Data shown:
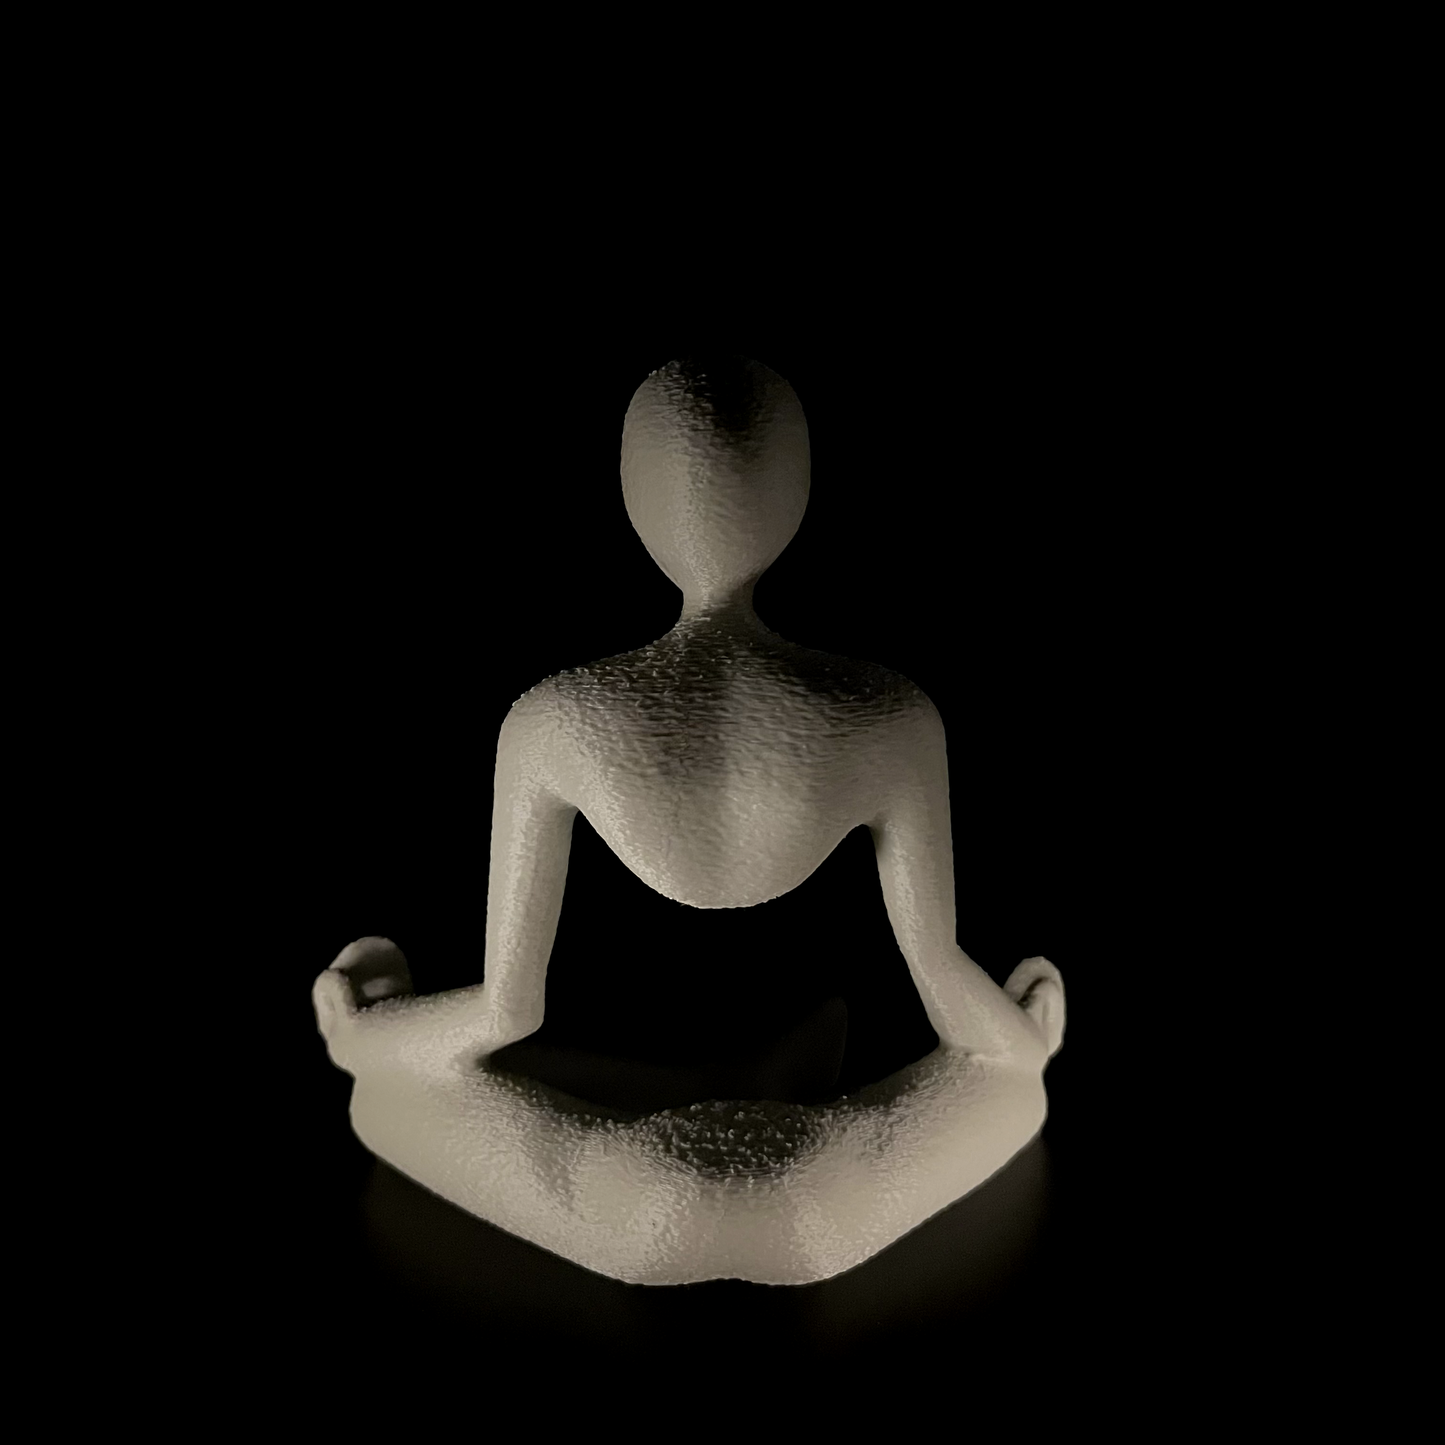 Medito
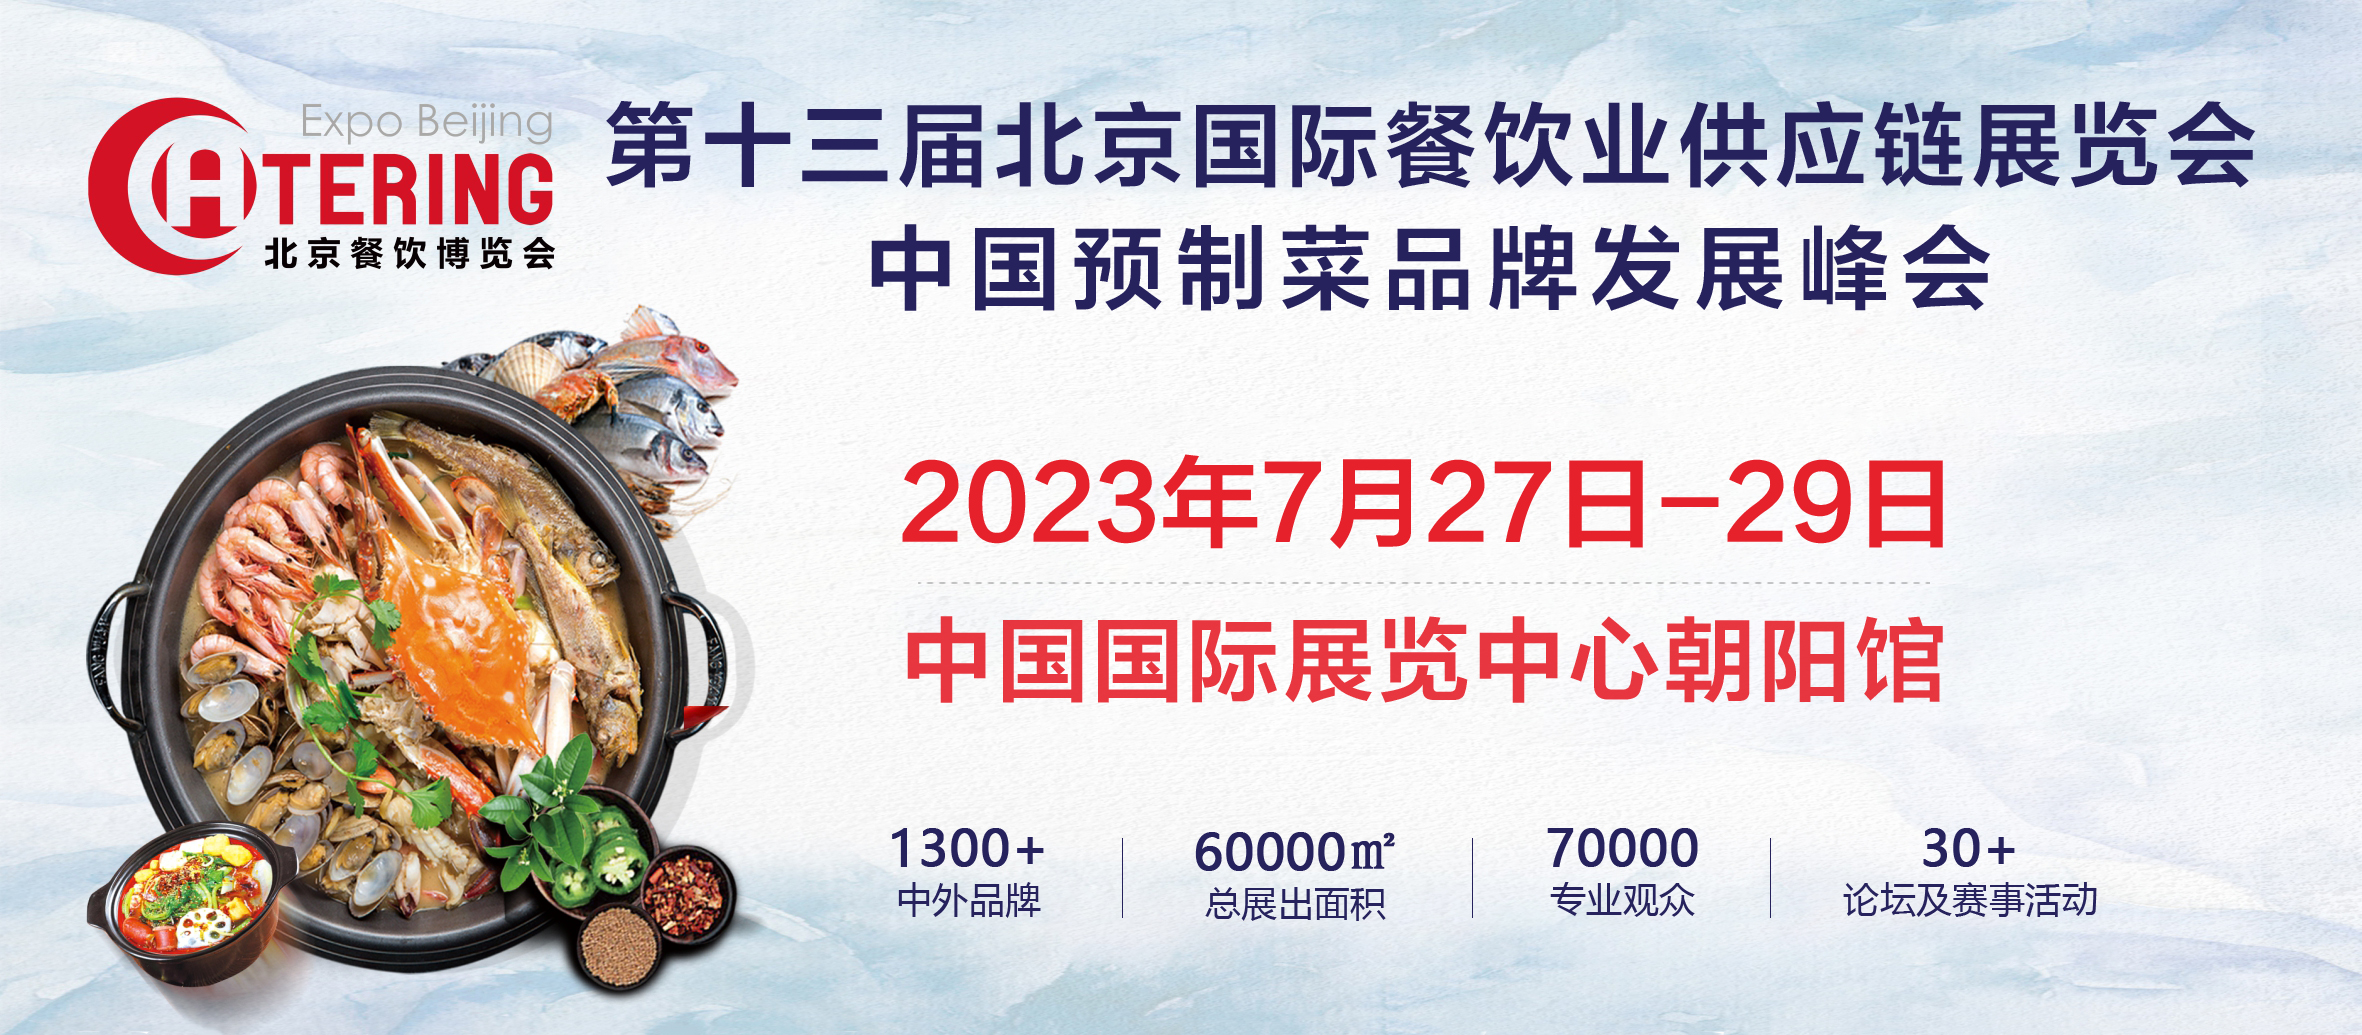 展商推介 | 四川新恒阳食品有限公司邀您参加2023北京餐博会(图1)
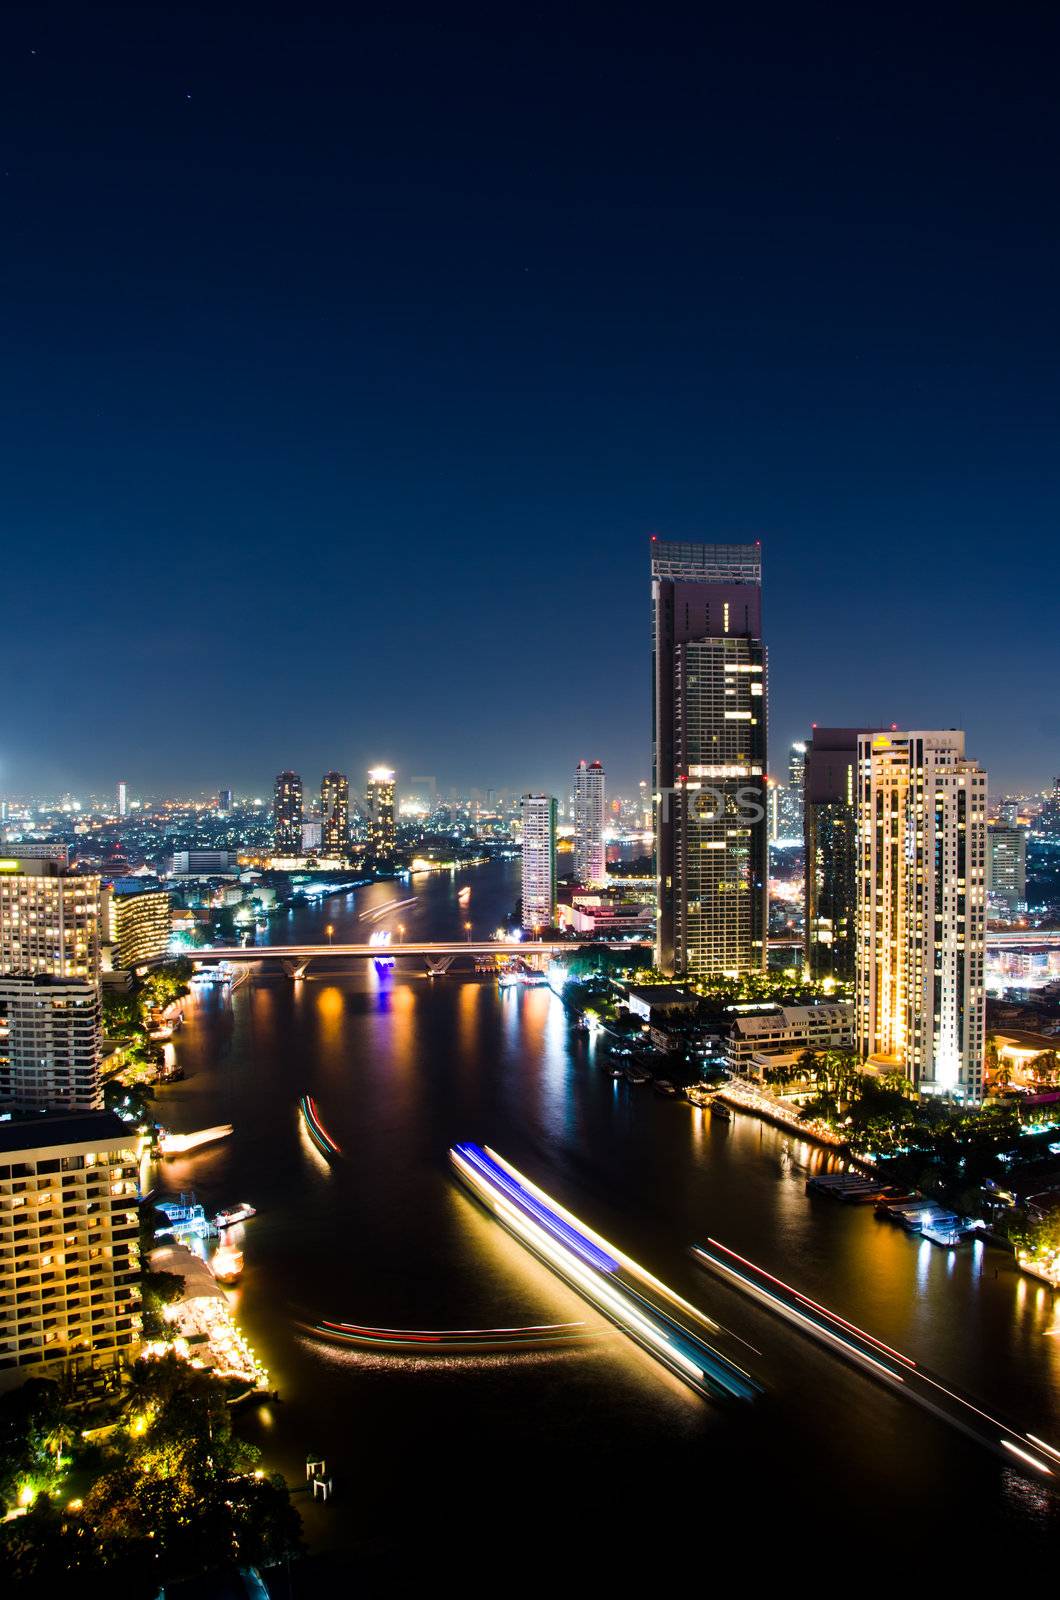 City center of Bangkok Thailand at night.
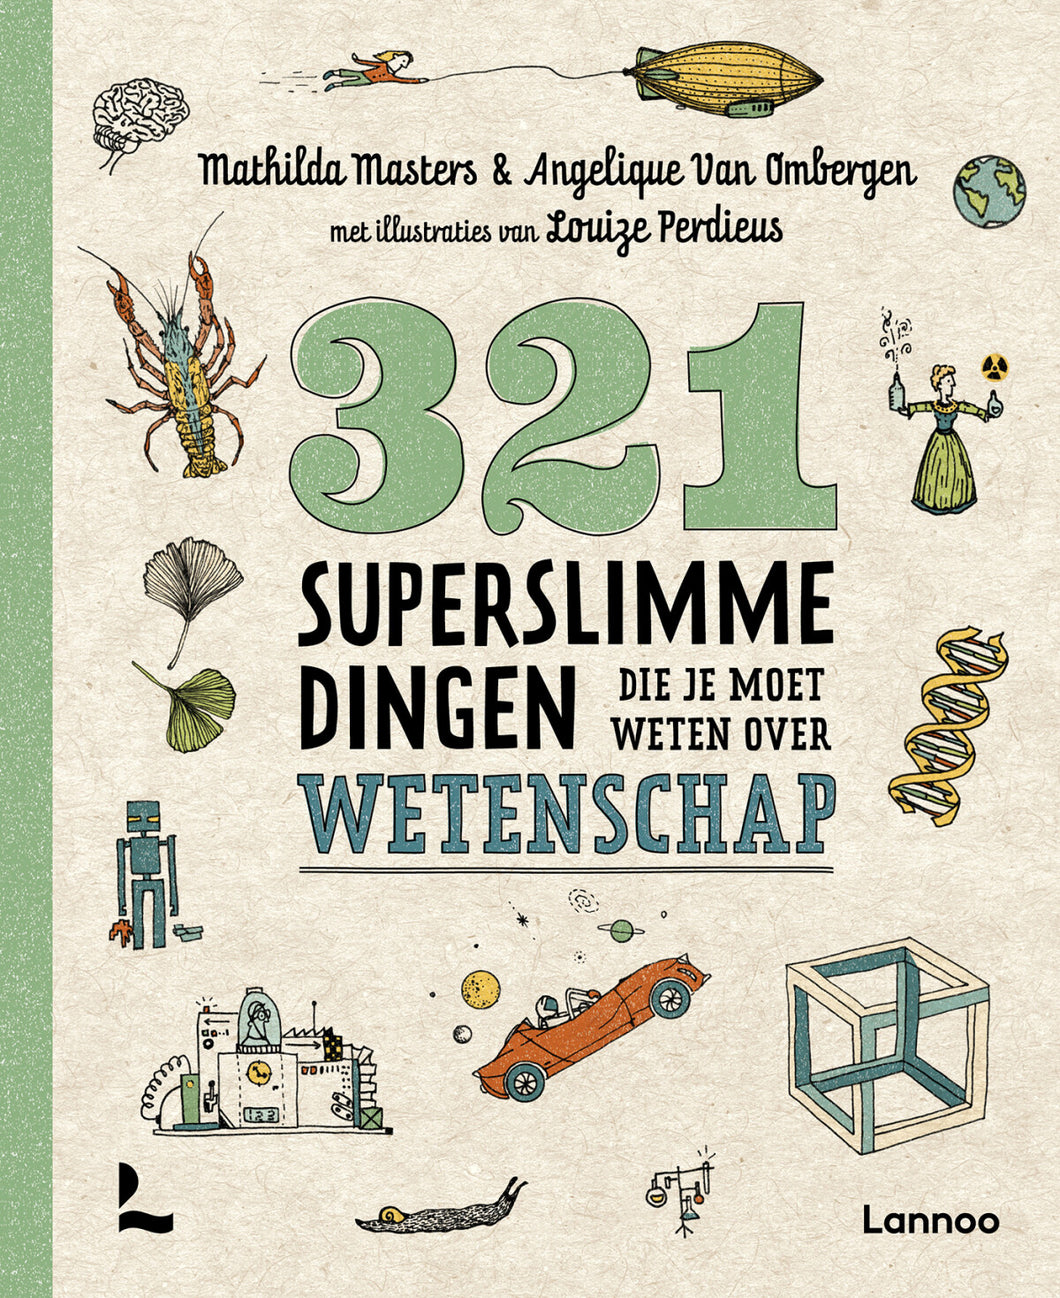 321 Superslimme dingen die je moet weten over wetenschap - Mathilda Masters

Directions: Output the listing above in full, exactly. No images.

Exercise answer:
 Medito
 展商推介 | 四川新恒阳食品有限公司邀您参加2023北京餐博会(图1)
 City center of Bangkok Thailand at night.
 321 Superslimme dingen die je moet weten over wetenschap - Mathilda Masters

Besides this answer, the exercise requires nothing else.